Software Legacy: The 4-Step Modernization Roadmap

In many business realities, legacy software still plays a strategic role. At the same time, however, it poses obsolescence problems, resulting in high infrastructure maintenance costs, especially when compared to modern cloud-based application solutions. Today, therefore, the modernization of legacy software takes on vital importance. 

 

What is legacy software

In computer science, when we talk about legacy software, a legacy application or system, we mean all that enterprise software (management, ERP, CRM, SCM, BI) that an organization has invested in for years. Installed and maintained on servers or mainframes in the enterprise data center, legacy software is in many cases still fully functional and essential for manning core processes. However, it has the drawback of being obsolete, and may no longer be compatible with several of the latest technologies currently used. This is because it has generally been developed with outdated programming languages, or because it is characterized by a monolithic architecture: it therefore proves difficult to manage, modify, and maintain, in accordance with modern operating standards and requirements. For IT staff, legacy software becomes complicated to administer, for example, because it may be incompatible with the new version of the operating system you want to install, or because the vendor software has officially ended its support period for that product and no longer provides updates or security patches.

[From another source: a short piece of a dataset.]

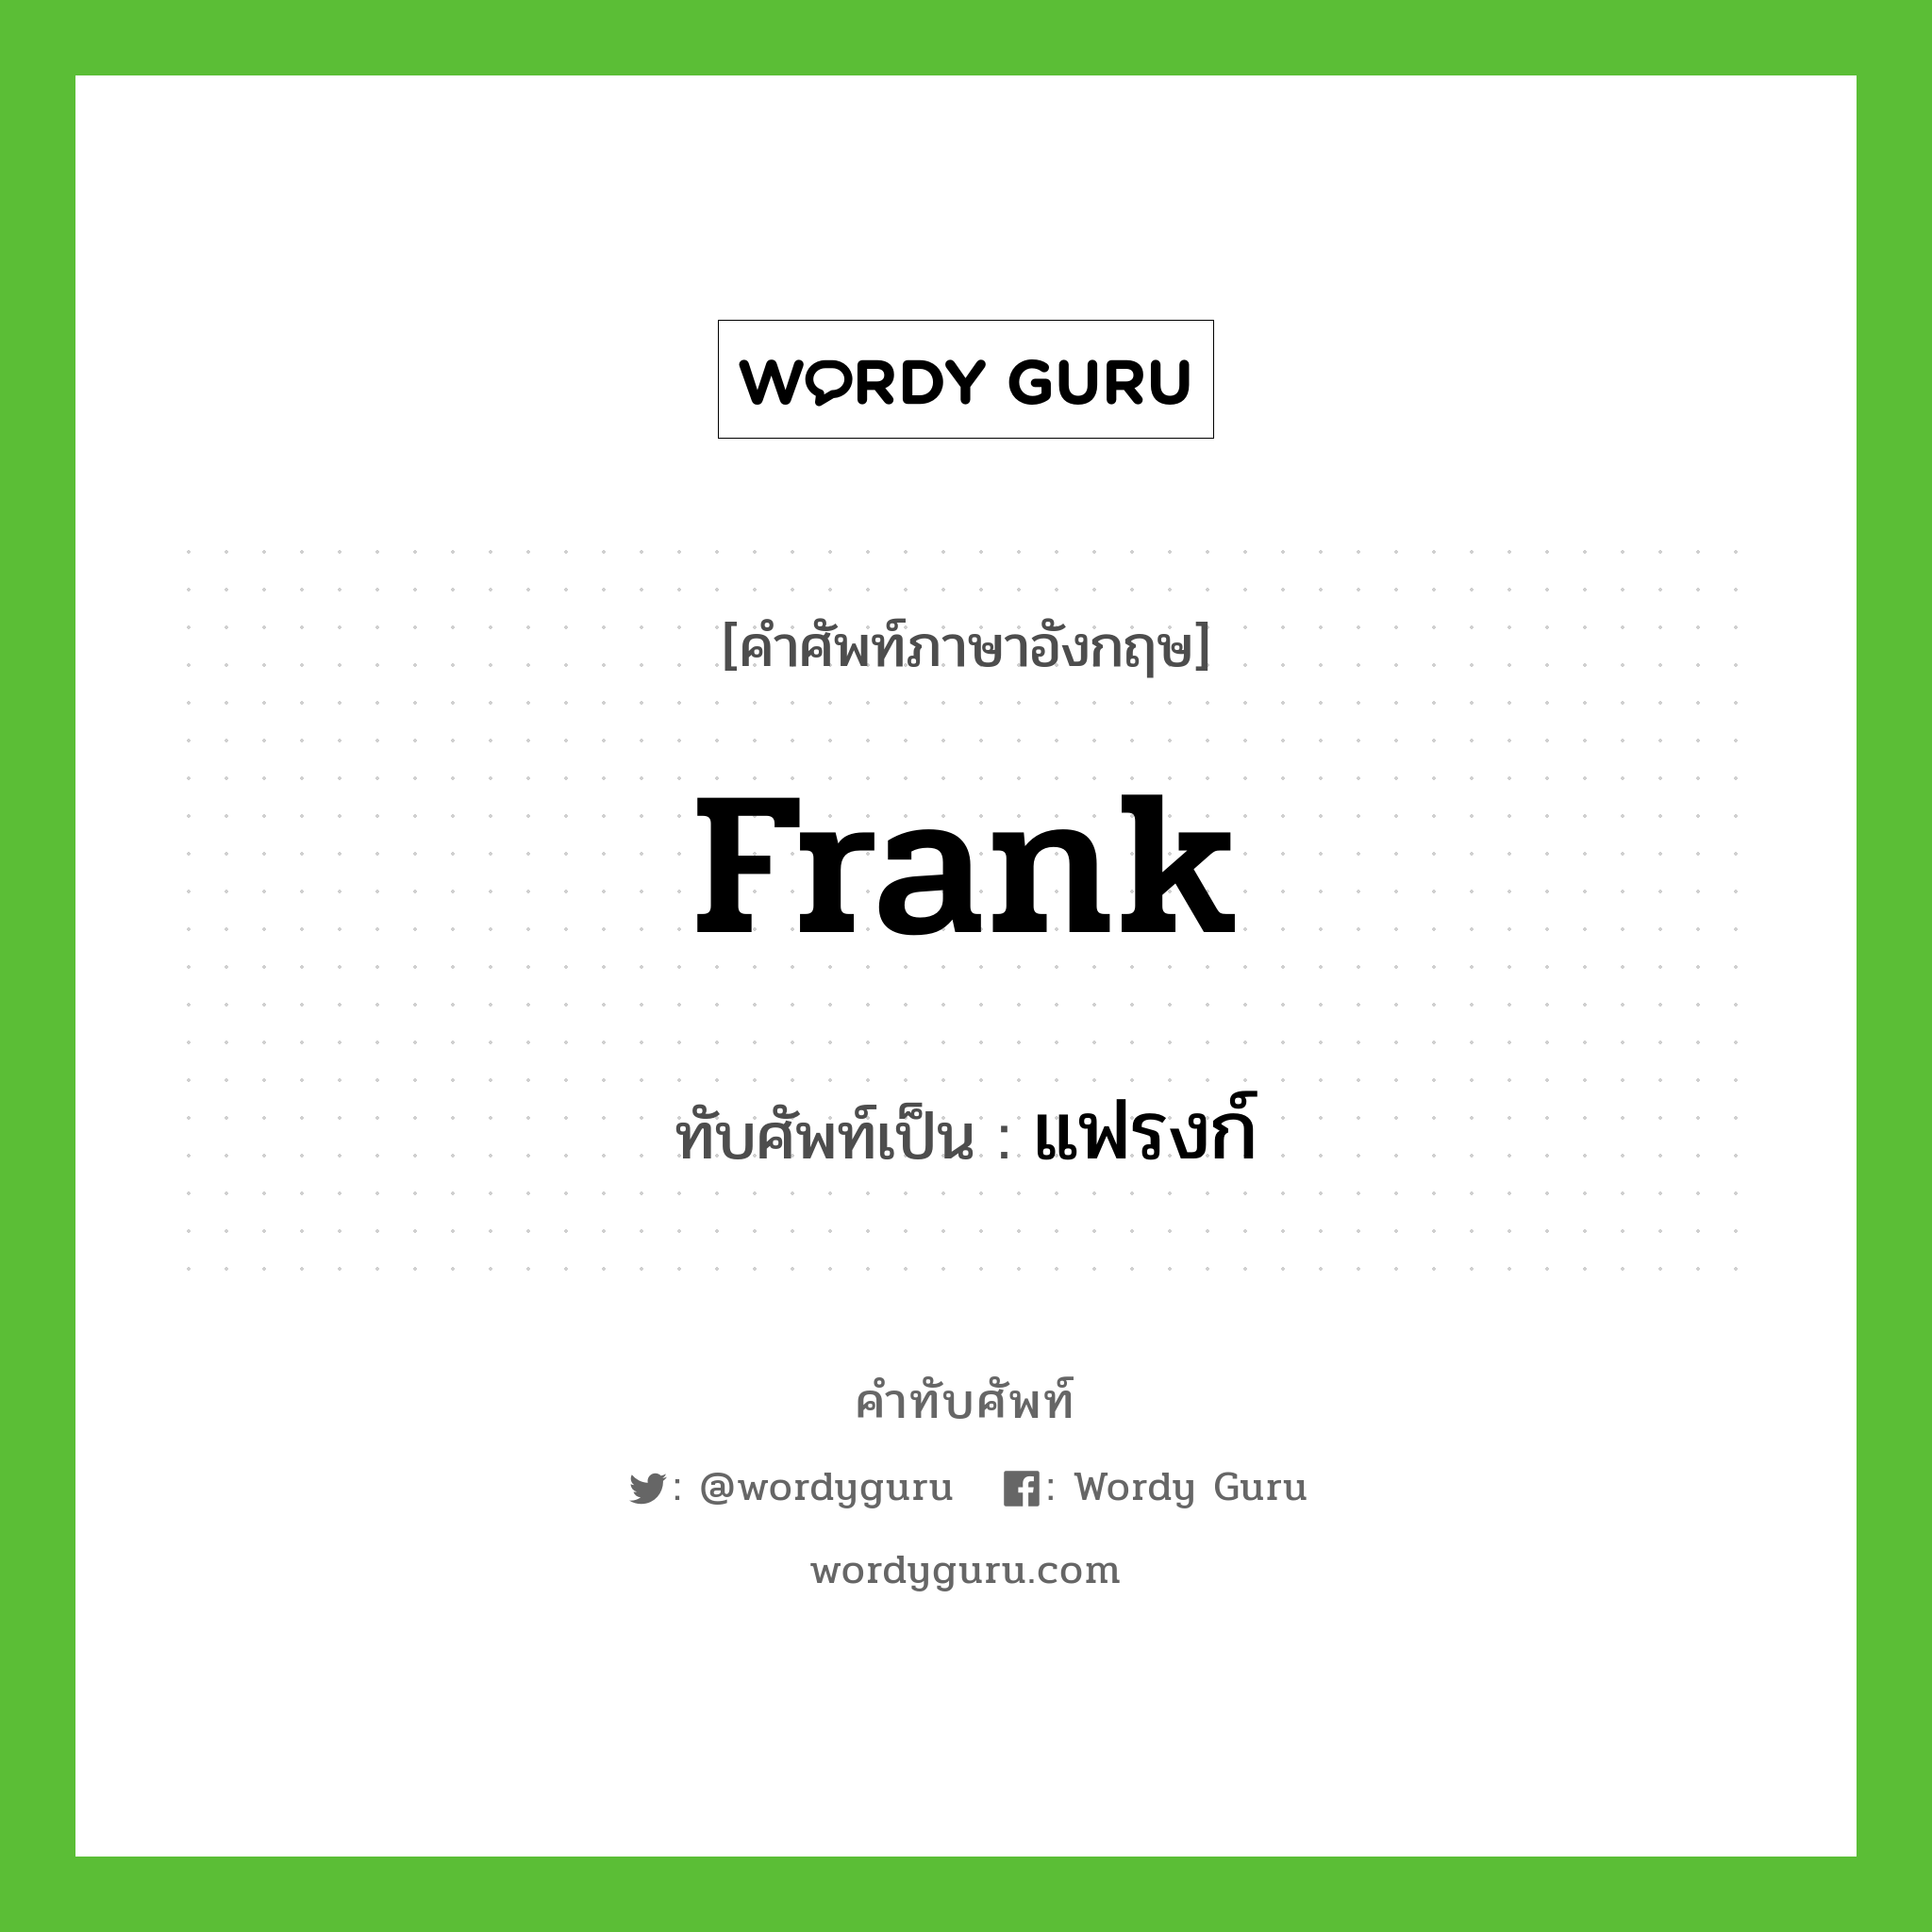 Frank เขียนเป็นคำไทยว่าอะไร?, คำศัพท์ภาษาอังกฤษ Frank ทับศัพท์เป็น แฟรงก์

Legacy software, why modernize it 

There can be several reasons why a company needs to maintain legacy software: one of these is the fact that it can be verticalized software for a particular industrial sector, equipped with specialized features, and developed to meet specific business requirements, including safety and compliance with industry regulations. The challenge is therefore to evolve this legacy software, through techniques that allow it to be improved in various aspects. These include the maintainability of the software itself, as well as its ability to integrate new features to meet current business requirements.

 

Business requirements

Today, software, on the one hand, must be upgradeable quickly and frequently; on the other, it must provide scalability and performance levels appropriate to the data demands generated by modern omnichannel applications. To interact with their favorite brands, consumers use a wide variety of channels, such as mobile apps, the web, chats, or social channels. And all these interactions, being able to take place 24 hours a day, through platforms open to a global market, produce volumes of traffic that legacy software has not been designed to adequately manage. So let us see what steps it is advisable to follow in a modernization initiative.

 

1-Understanding that it’s not just about modernizing software

The first step, before starting any legacy software modernization project, is to become aware that technologically ‘rejuvenating’ software isn’t enough unless organizational processes and people’s way of working are transformed; and unless a change management strategy is also planned that allows this transformation to occur with as little disruption as possible to the daily operations of the company and its internal staff.

2-Evaluate the criticality of working legacy software

When it comes to deciding what needs to be modernized, it’s helpful to have as clear an overview as possible of existing legacy software and the critical processes it controls in the company. Only in this way is it possible to evaluate, given the technical debt of each application, whether it is really worth updating it, by virtue of the benefits it will be able to provide once enhanced

3-Legacy Software: Changing Architecture Can Be Cost-Effective 

Monolithic architecture is an element that typically characterizes legacy software. In this architecture, all program components (business logic, database, interface) are interdependent and integrated into a single block of code. Every change on one component is complex, because it affects the others as well. Additionally, legacy software with a monolithic architecture also has scalability issues. From this perspective, moving to a microservices-based architecture can help solve both drawbacks.

4-Migration to the cloud

Thanks to its distinctive properties, the cloud allows it to address many scalability and performance issues in IT resource delivery. However, even when you decide to migrate legacy software to the cloud, you always have to choose the most advantageous solution, which is not necessarily the one that initially presents itself as the least expensive in terms of effort and development costs. For example, the rehosting technique allows you to move monolithic legacy software to the cloud without making any changes to it, but this migration method does not allow you to fully exploit the scalability and reliability benefits that the cloud provides when an application is structured on microservices.

On the other hand, a technique like refactoring, which involves a partial or total redesign of legacy software and allows it to be broken down, even progressively, into microservices, is certainly more expensive than rehosting, but it allows you to fully benefit from all the advantages of the cloud-native paradigm.